It was odd to read the article by Andrew Ross Sorkin today in the WSJ. In it he talks about how all the major investment banks “missed the red flags” around Groupon as the company selected bankers for their planned IPO. He mentioned the balance sheet, the sales model and the fact that insiders already cashed out. Much of this was already discussed and written about when the filing came out and subsequent events made the story even more distressing.
Investment banking is purely about transactions
Mr. Sorkin is an experienced journalist and the WSJ certainly should know their way around Wall Street. What’s going on? Investment banks are hired to support a transaction. It’s true they sometimes call their services “advisory” when it comes to M&A but they only get paid when transactions happen and their fee is based on the size of the deal. It’s not hard to imagine what their motivations and priorities are. They get paid the same for good deals and bad deals.
Of course banks care about their brand and prestige. Goldman has standards. However those standards are driven by the market rather than from within. In other words if the market will accept it and thinks it’s good, Goldman is happy to get the print and take the fee.
All this is especially true during the “bake-off” portion of the IPO process. At this stage a company like Groupon invites all the banks to come and do a dog and pony show with the senior management team to prove how valuable they would be as an underwriter. They are not in evaluation mode, they are in selling mode.
Much like a courtship the banks are invited by the company to “show how much they love them.” Only one suitor gets to be the lead bank (although in large deals there can be two or three) and the rest settle for placement that earns then a nice fee for which they will do zero work. And I can tell you it is zero. (The research analysts at those firms will eventually have to provide stock coverage (buy, hold or even sell which never happens) but the bankers and the distribution network does nothing if they are not the lead bank.)
A key part of the process is where each banks provides a “valuation estimate” for where the shares should be priced and expect to trade. This is the most absurd part of the process because the banks all try and find the highest number. They do need some justification which typically involves sending associates out looking for “companies that have something in common with this one and trade at or have traded at obscene valuations.” They put these in a sheet and find the metric that will create the highest valuation. Banks don’t spend anytime on how much *they* would pay to buy stock in the company. Thanks to the new regulations separating research from banking they can’t even involve the one person or people at their firm that would have worthwhile analysis.

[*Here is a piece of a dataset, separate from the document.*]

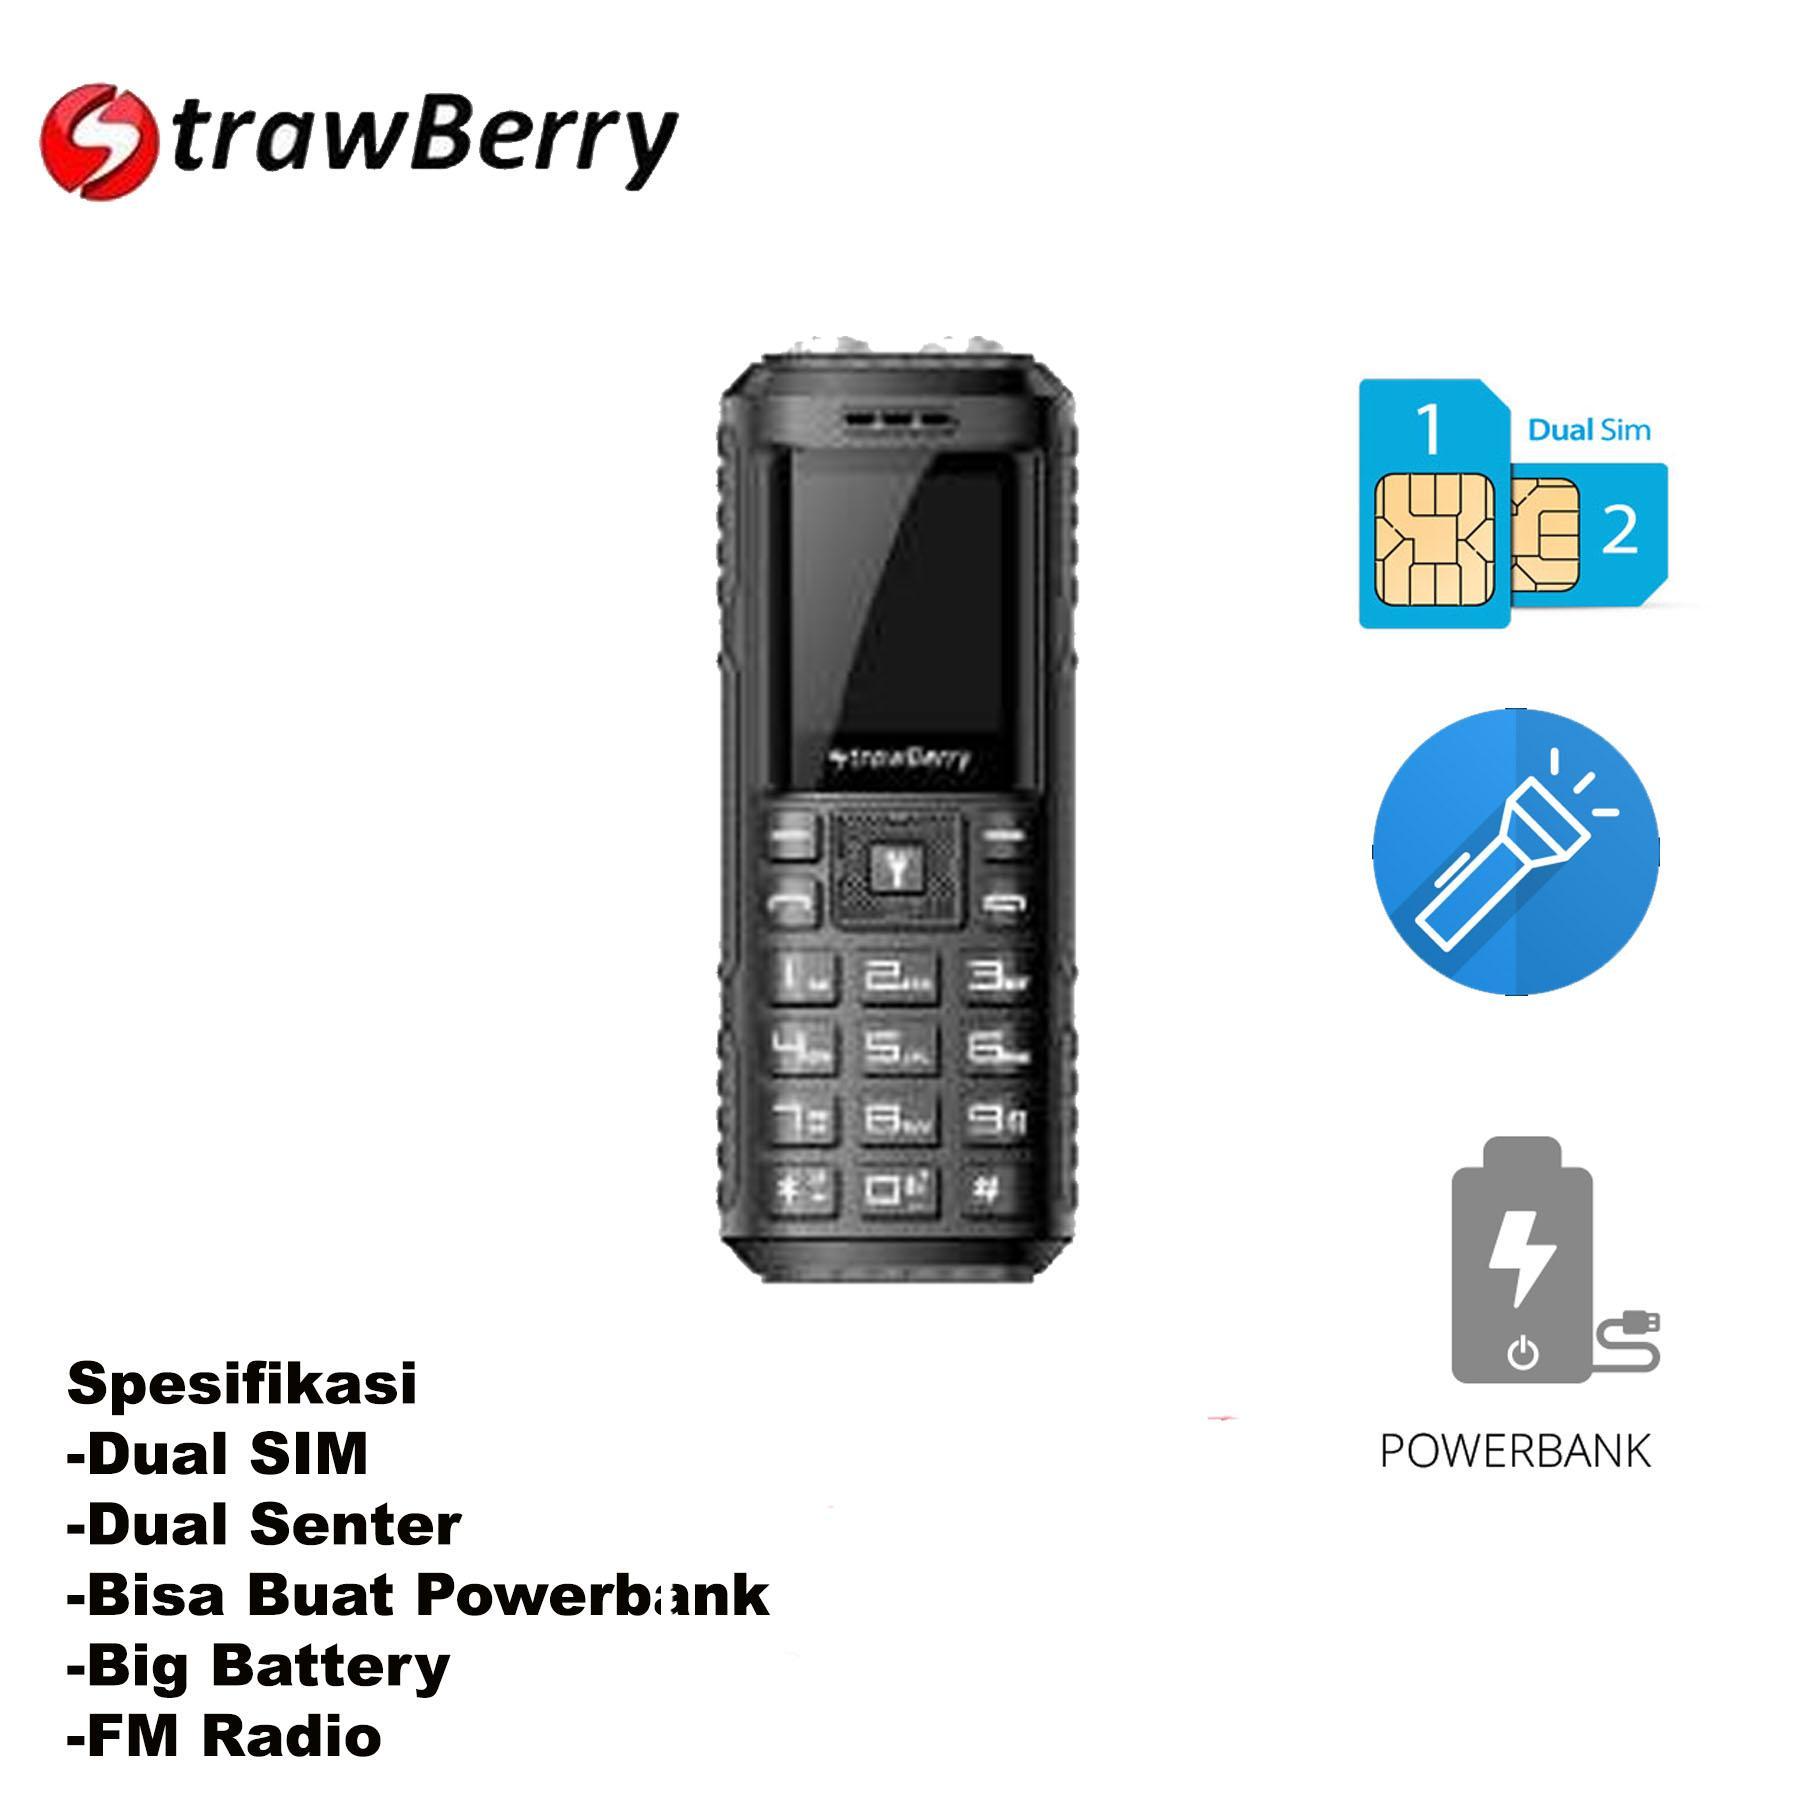 Strawberry ST188 2 Senter Dual SIM Powerbank Camera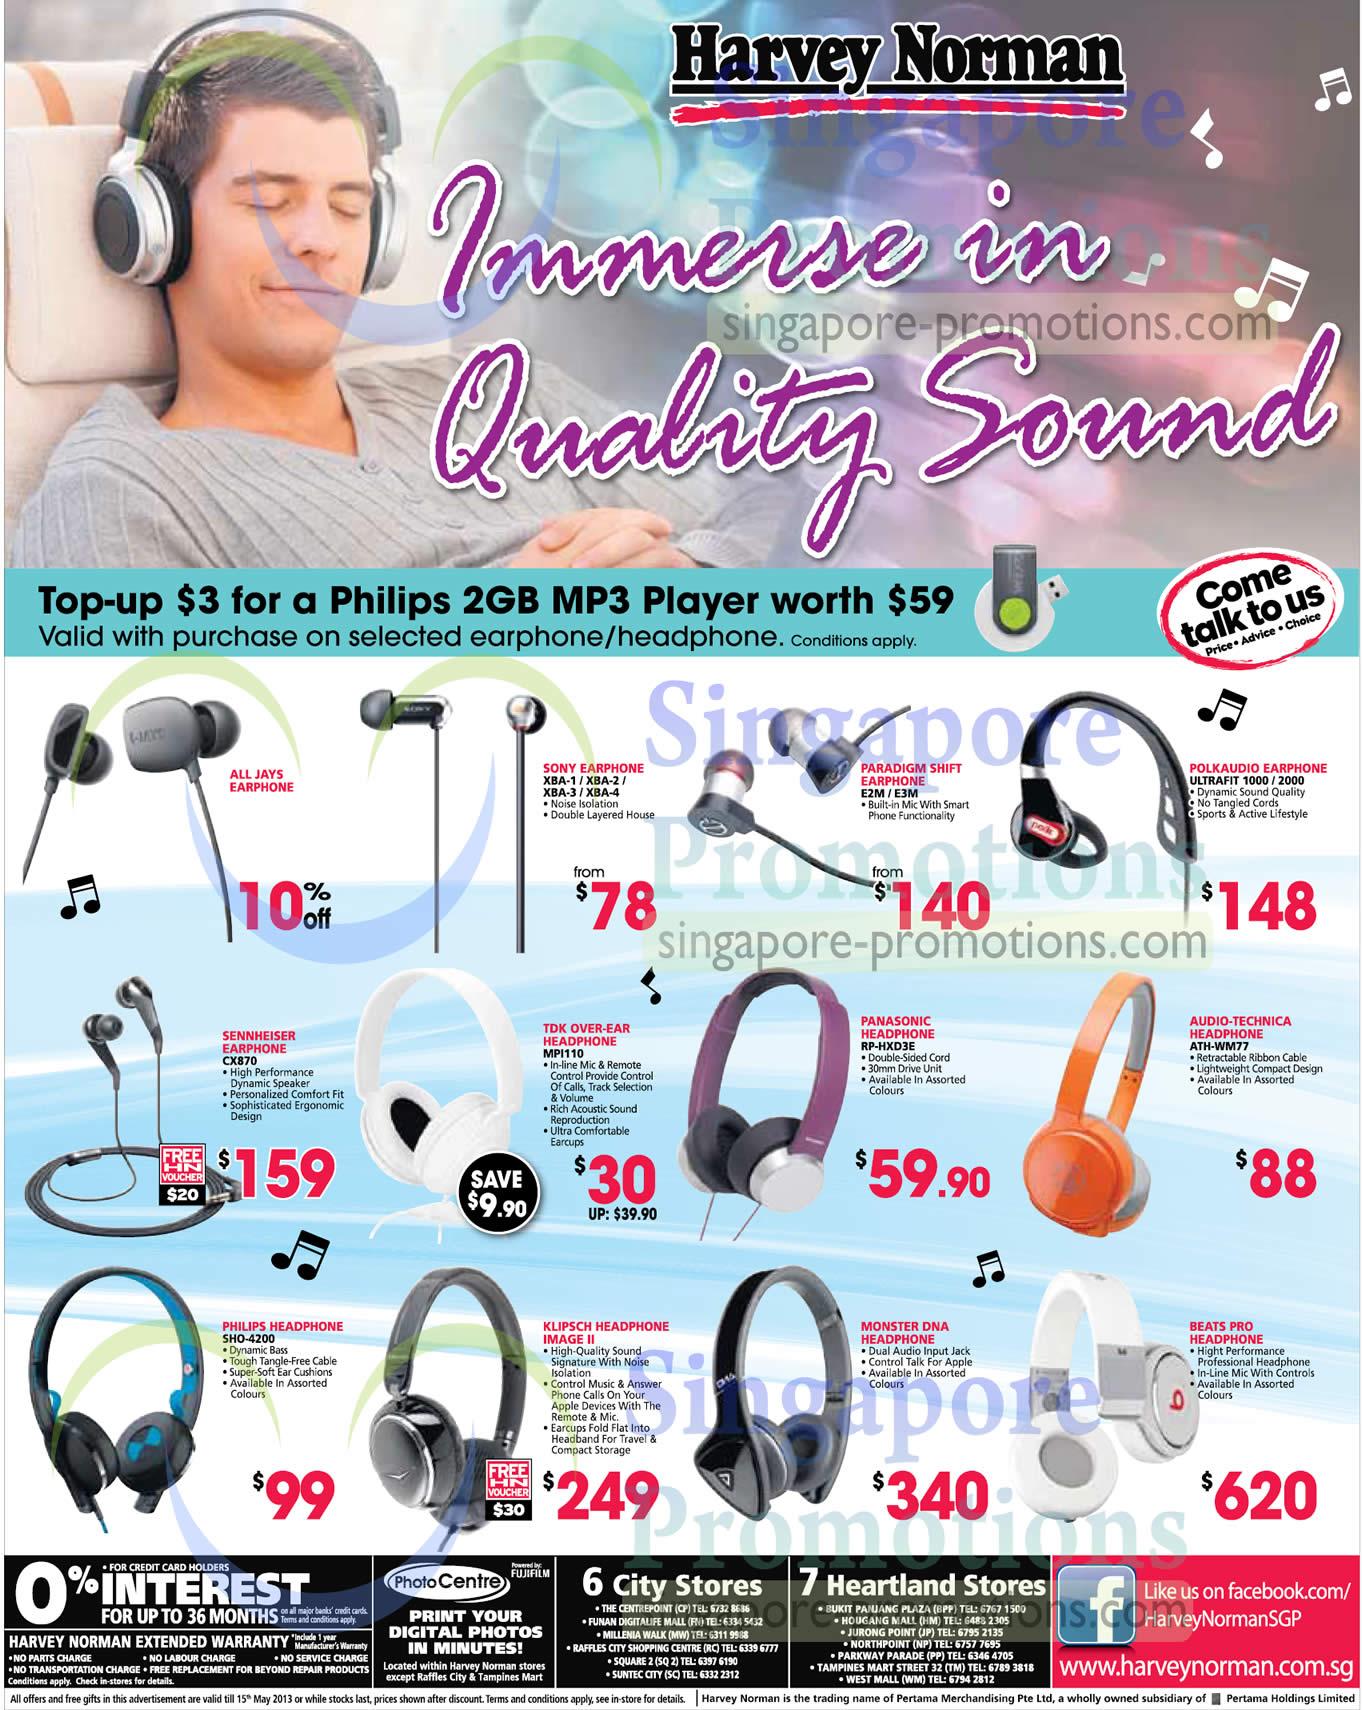 Harvey Norman Headphones 9 May 2013

It doesn’t have to be this way
In the “old day” some investment banks like Morgan Stanley tried to maintain high standards that they demanded companies meet before being willing to underwrite an IPO. As they watched other banks run away with deals in the mid-1990′s they changed their approach and created one of the best known “investment banking research analysts” in Mary Meeker.
Before regulations there were some small firms (like SoundView) that actually aligned the interests of the firm with investors in an IPO stock. For example before agreeing to be part of the deal the research analyst had to support a “strong buy” rating on the company with some caveats around pricing. More importantly the compensation of research analysts were tied to deals but subject to company execution. For example if a company came public and either missed published estimates or lowered guidance the analyst would not be paid on the deal. Pretty simple but it made analysts much more certain about their estimates which investors in the company would be relying upon.
The little research investors had back then was all stripped away with the new regulations put in place to “protect them” from the unscrupulous research analysts at other firms (guys like Henry Blodget and a few others at the “bulge brackets”.) It’s not unusual for regulators to get it wrong since they don’t have a deep understanding of the markets they are tasked to regulate. Today investors have to realize that “buyer beware” is just as valid in IPO stocks as it is in most other transactions. It’s unlikely that regulations or markets will get more investor friendly.
Conclusion
This situation is one of the reasons we cover newly-public and even some emerging private companies. There’s opportunity to help investors make decisions and in some cases to exploit solid investment opportunities in the absence of strong independent coverage. Much of our IPO-focused research comes out over at IPO Candy.
I hope the WSJ and Mr. Sorkin can start writing from their knowledge base which should be much deeper around investment banking and Wall Street than this article suggests.